八辆马车的车轮被步兵们用木板垫着从雪坑里撬了出来,一辆接一辆地排上了官道。
四百多个俘虏被串在马车和坦克之间,在雪地里深一脚浅一脚地往前挪。
走得慢的,后面的步兵用刺刀尖往大腿上一戳,血沁出来就走快了。
队伍在风雪里拉得很长,走了大约一个时辰,应天府的城墙轮廓出现在视野里。
赵香云一边开车一边回头看了一眼那条人链。
“将军,杜充把厢军扔出来当消耗品,说明他自己的主力一个没动。加上那三百女真骑兵,城里的战力比预想的还完整。”

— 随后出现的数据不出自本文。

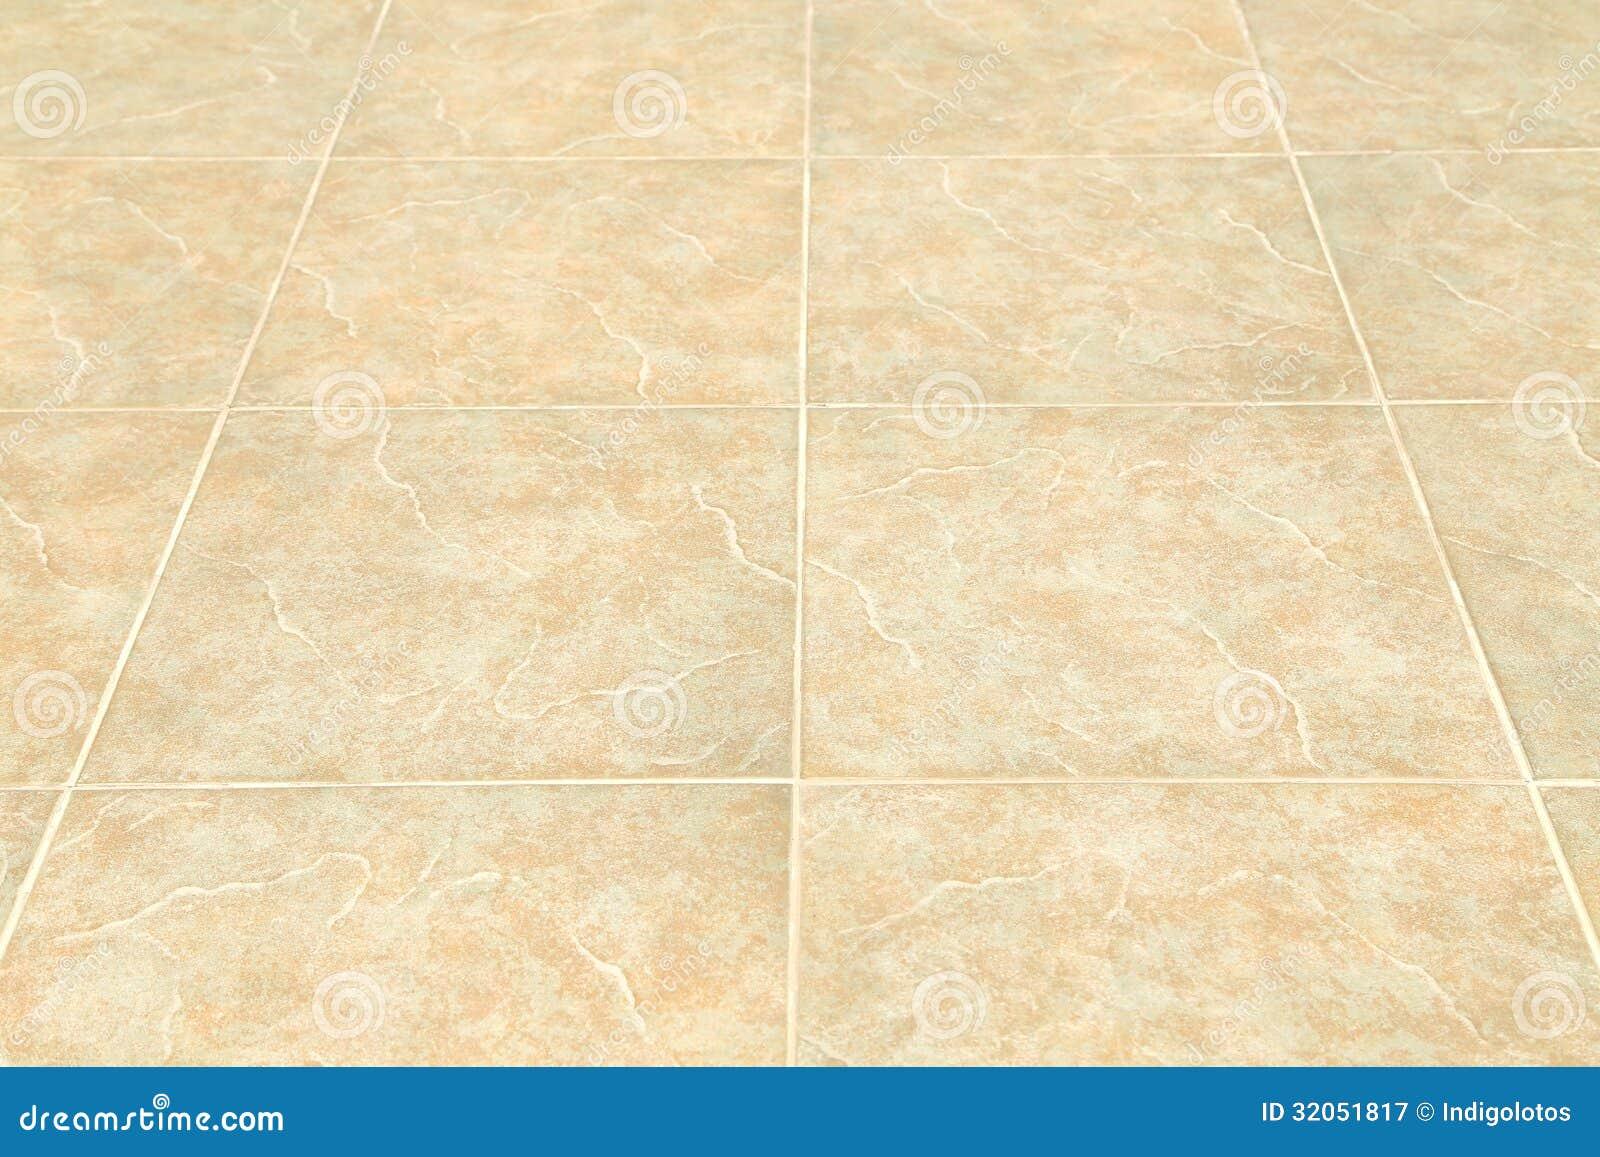 Brown ceramic floor tiles closeup texture stock image image of brown ceramic floor tiles closeup texture dailygadgetfo Image collections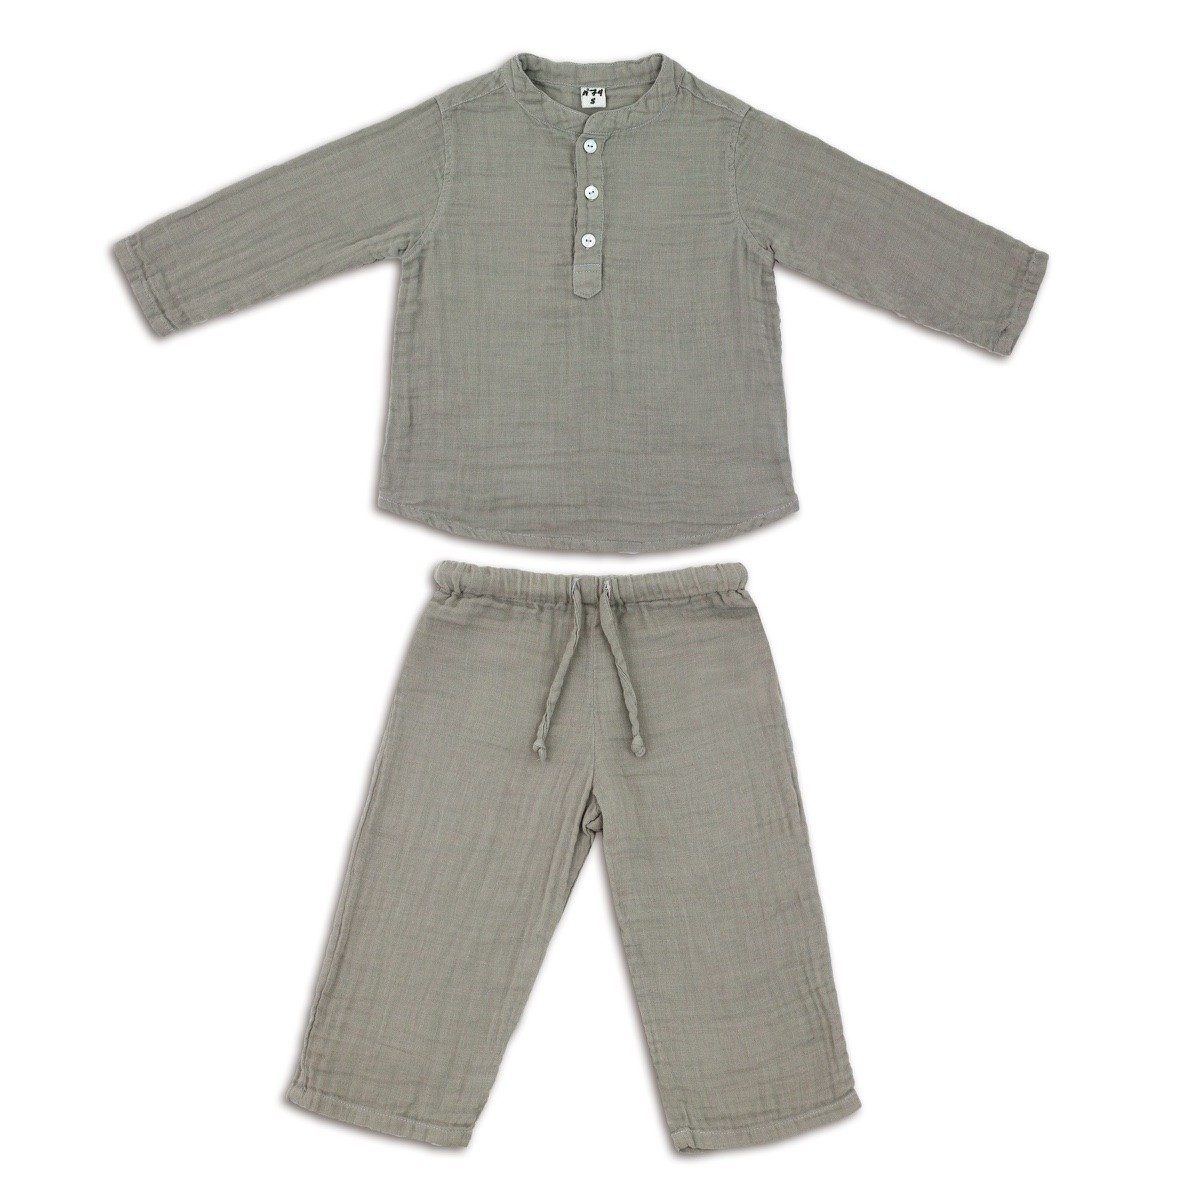 Komplet Dan koszulka & spodnie szary

“我知道。”李锐靠在座椅上,军大衣的领子竖起来挡风。“所以才要快。等他把壕沟挖完,再从北面调来更多女真骑兵,那就不是三万发子弹能解决的了。”
“什么时候动。”
“等子弹入库,清点完毕,明天一早走。”
吉普车驶过应天府的城门洞。
守城的步兵看到车队回来,齐刷刷立正敬礼。
赵香云把车停在衙门废墟旁边。
李锐跳下车,走到第一辆马车旁边。
张虎带着两个步兵撬开一个木箱的盖子。
黄澄澄的复装子弹整整齐齐地码在里面,油纸包着,每一排都用木隔板分开。
李锐伸手从箱子里抓出一把子弹,放在手掌里掂了掂。
沉甸甸的。
每一颗都是老赵和那帮铁匠一发一发手工压出来的,弹壳擦得锃亮,底火的铜帽压得严丝合缝。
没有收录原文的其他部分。